By DAN REYNOLDS, senior editor of Risk & Insurance®
Two sizable global insurers, one a mutual, one publicly traded, reported substantially improved third quarters over prior years in results released in late October.
Boston-based Liberty Mutual, which houses personal auto and life insurance lines along with its commercial property/casualty business, reported net income for the third quarter of $265 million. That's a lot better than the $6 million in net income that the carrier reported in the third quarter of 2008.
It also reflects two factors that are aiding property/casualty insurers as 2009 winds down. Catastrophe losses, particularly hurricane CAT losses, have been light or nonexistent, and investment income, though being held down by low interest rates from banks, is tending to be flat and not in free fall as it had been through much of 2008.
Even so, Ted Kelly, Liberty Mutual's chairman, CEO and president, took a dim view of the immediate future of many in the broader commercial property/casualty market. As he has previously, he compared many carriers in the commercial property/casualty to either drunks or insane people for the prices they are charging for their insurance as this soft commercial market pedals on and on.
"I made a remark--I think it was the last quarter--that the industry is like an alcoholic, swearing off drink until it gets to the next saloon.
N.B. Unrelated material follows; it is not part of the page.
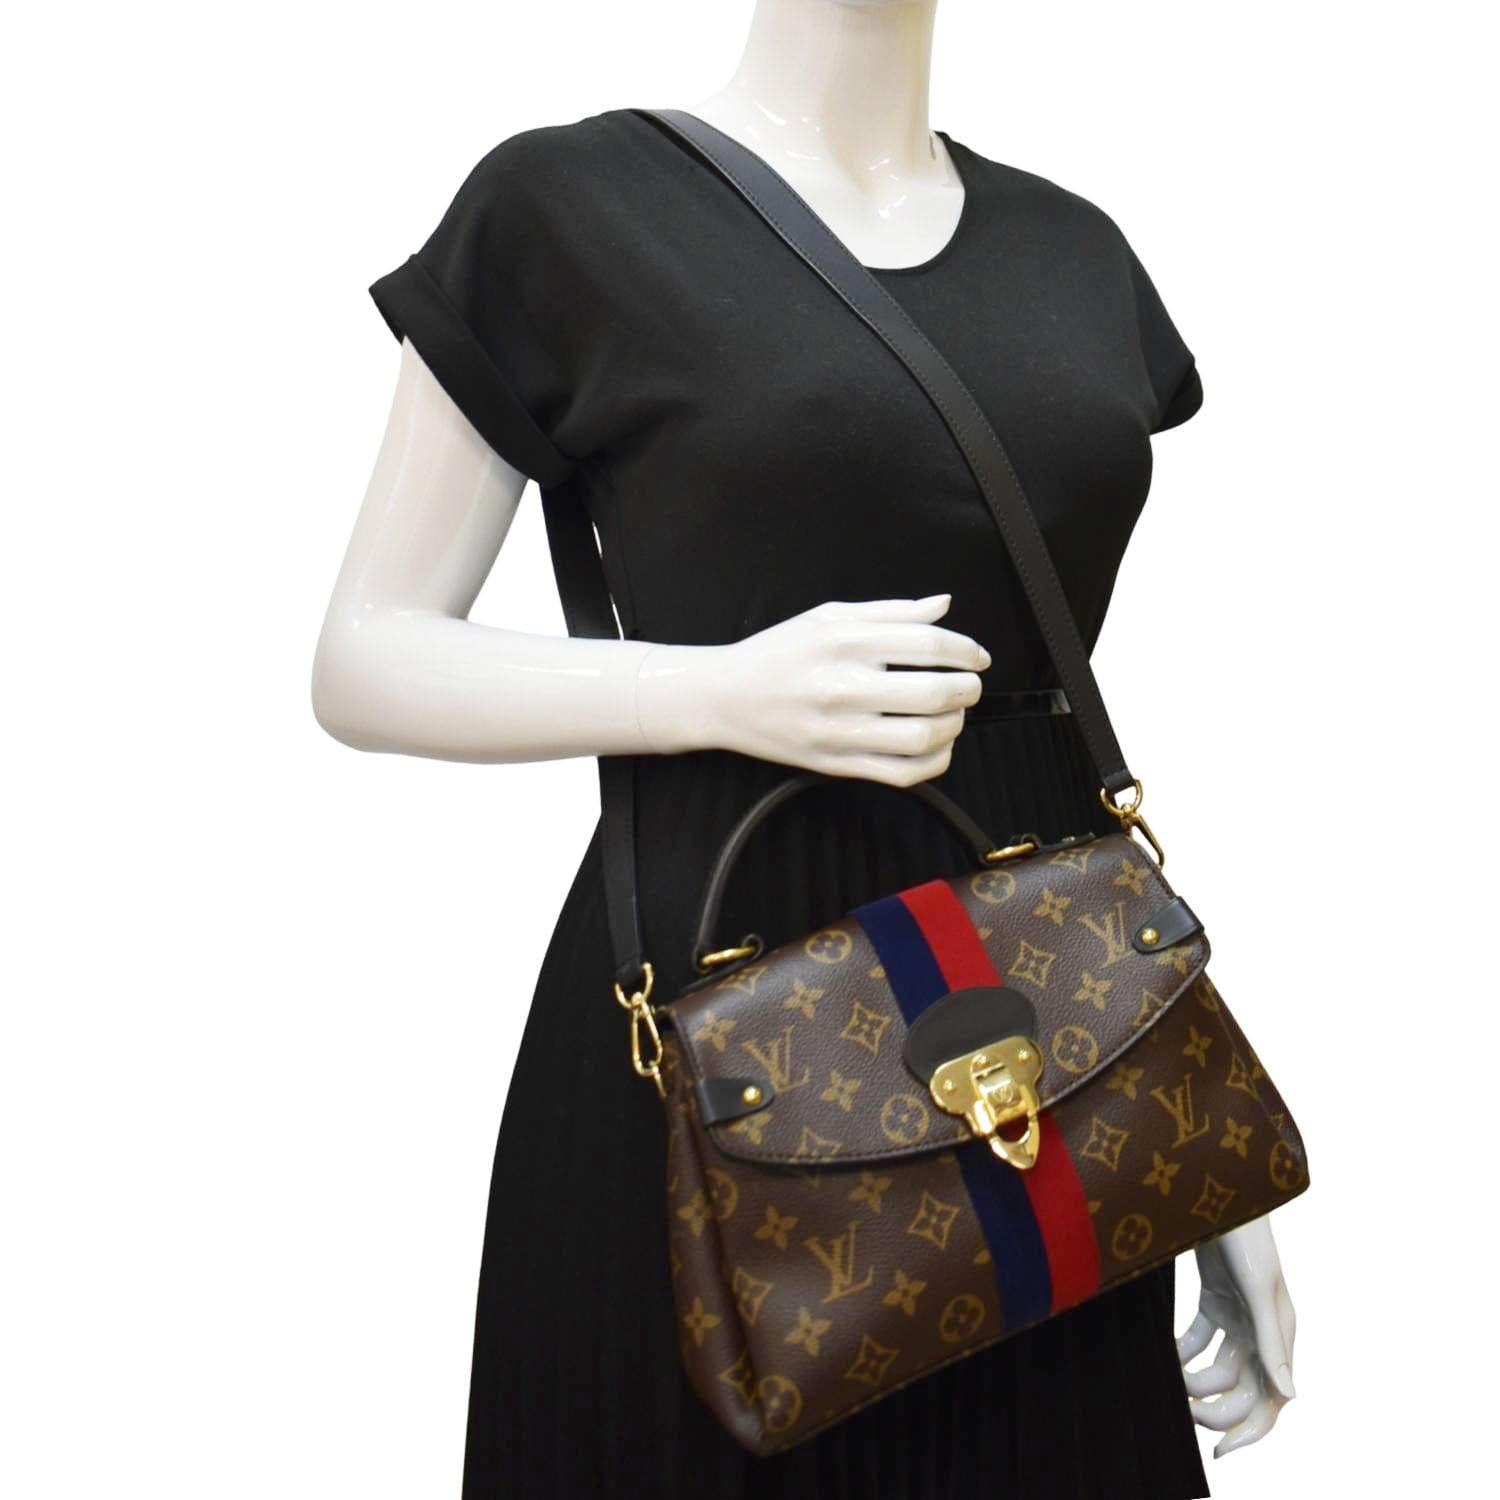 Louis Vuitton Georges Leather Handbag

And it does appear that the commercial markets have strolled into the saloon and will soon be staggering out," Kelly told analysts, his tight Irish brogue adding even more color to the analogy.
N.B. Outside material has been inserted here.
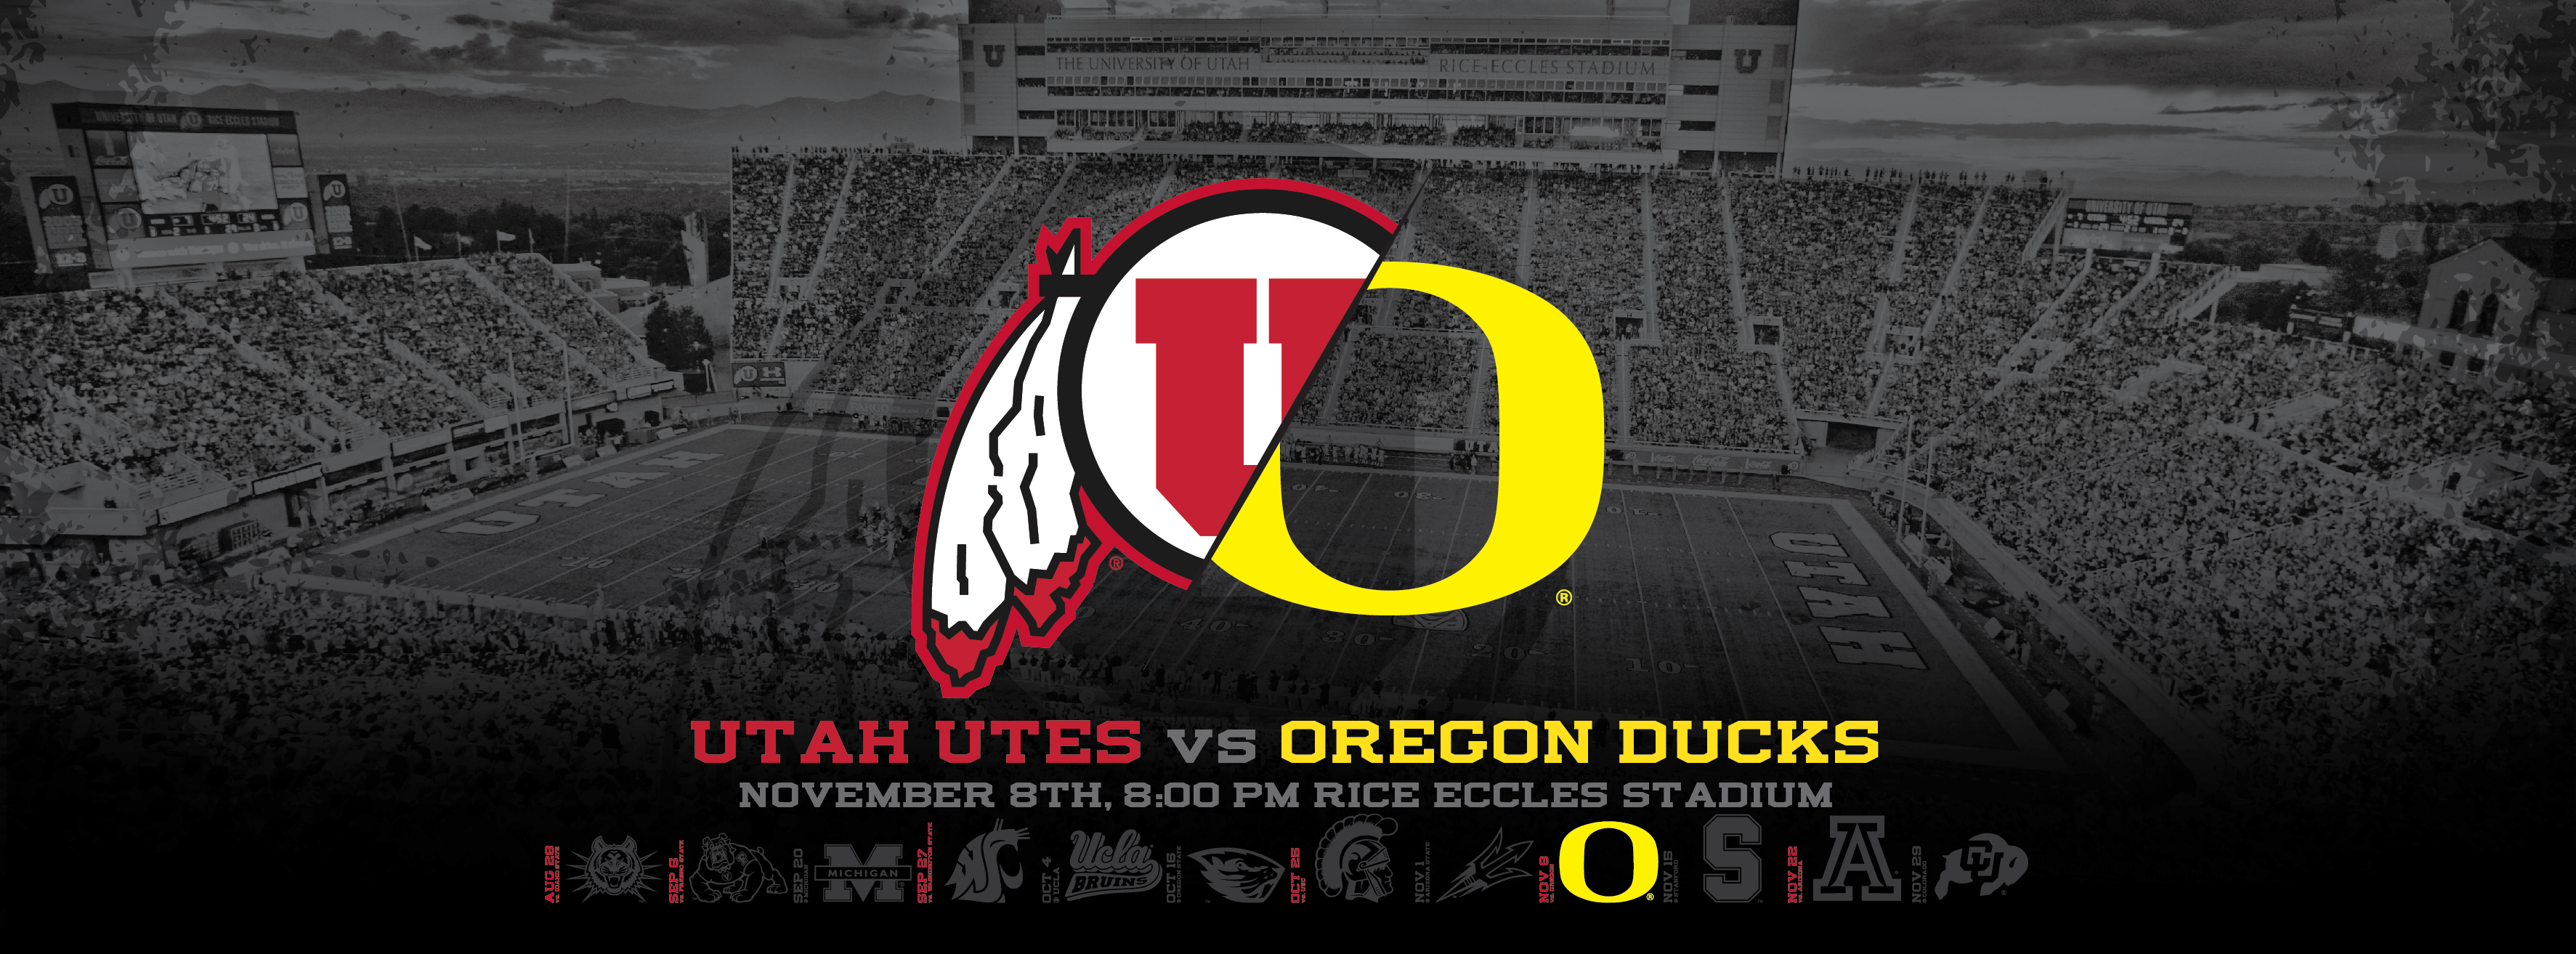 Utah Utes vs Oregon Ducks Wallpapers Dahlelama 3546x1313

Kelly said, in business that he views as unprofitable and where his company is trying to raise rates, it is losing business to competitors that he views as being less than prudent in their pricing.
"We have several accounts that are what we call in loss position, and when we try to raise rates, they are taken over by competitors at expiring rates which are well below adequate," Kelly said.
Kelly said that his company has substantially reduced its exposures in the workers' compensation market in California, and he implied that the workers' compensation market in Florida is heading toward ruination.
"Clearly the regulators in Florida are hell-bent on doing to the workers' comp system what they did to the homeowners' market," Kelly said. "Rates are down a total of 60 percent over the last couple of years."
ACE NOT IN THE HOLE
The head of one of Kelly's publicly traded competitors, ACE Ltd's chairman and CEO Evan Greenberg, had similarly bright results to report.
Zurich-based ACE reported substantially higher net income in 3Q 2009, $494 million, compared with the $54 million in net income it reported in the third quarter of 2008. That's an increase of 814 percent for those of you keeping score at home.
Greenberg said conditions lately have been even more competitive than they were at the end of the summer.
"Overall pricing on the business we wrote, new and renewal, was up more than 2 percent for the quarter globally," Greenberg said.
"Pricing was better for the business we wrote in July than in September," he added.
Greenberg wasn't as frank about it as Kelly was, but he also referred to "irrational" competitors taking business away from ACE in some lines.
ACE's property/casualty combined ratio was 88.1 percent in the third quarter of 2009, which compares quite favorably with the 97.9 percent P/C ratio the company had in the third quarter of 2008.
Aiding that percentage were reported catastrophe losses on the part of ACE of $45 million in the quarter, compared with $411 million in the previous year.
ACE reported essentially flat net written premiums in the quarter, and Greenberg said he expects that figure to improve in the fourth quarter as the weakened dollar erases the impact of foreign exchange losses.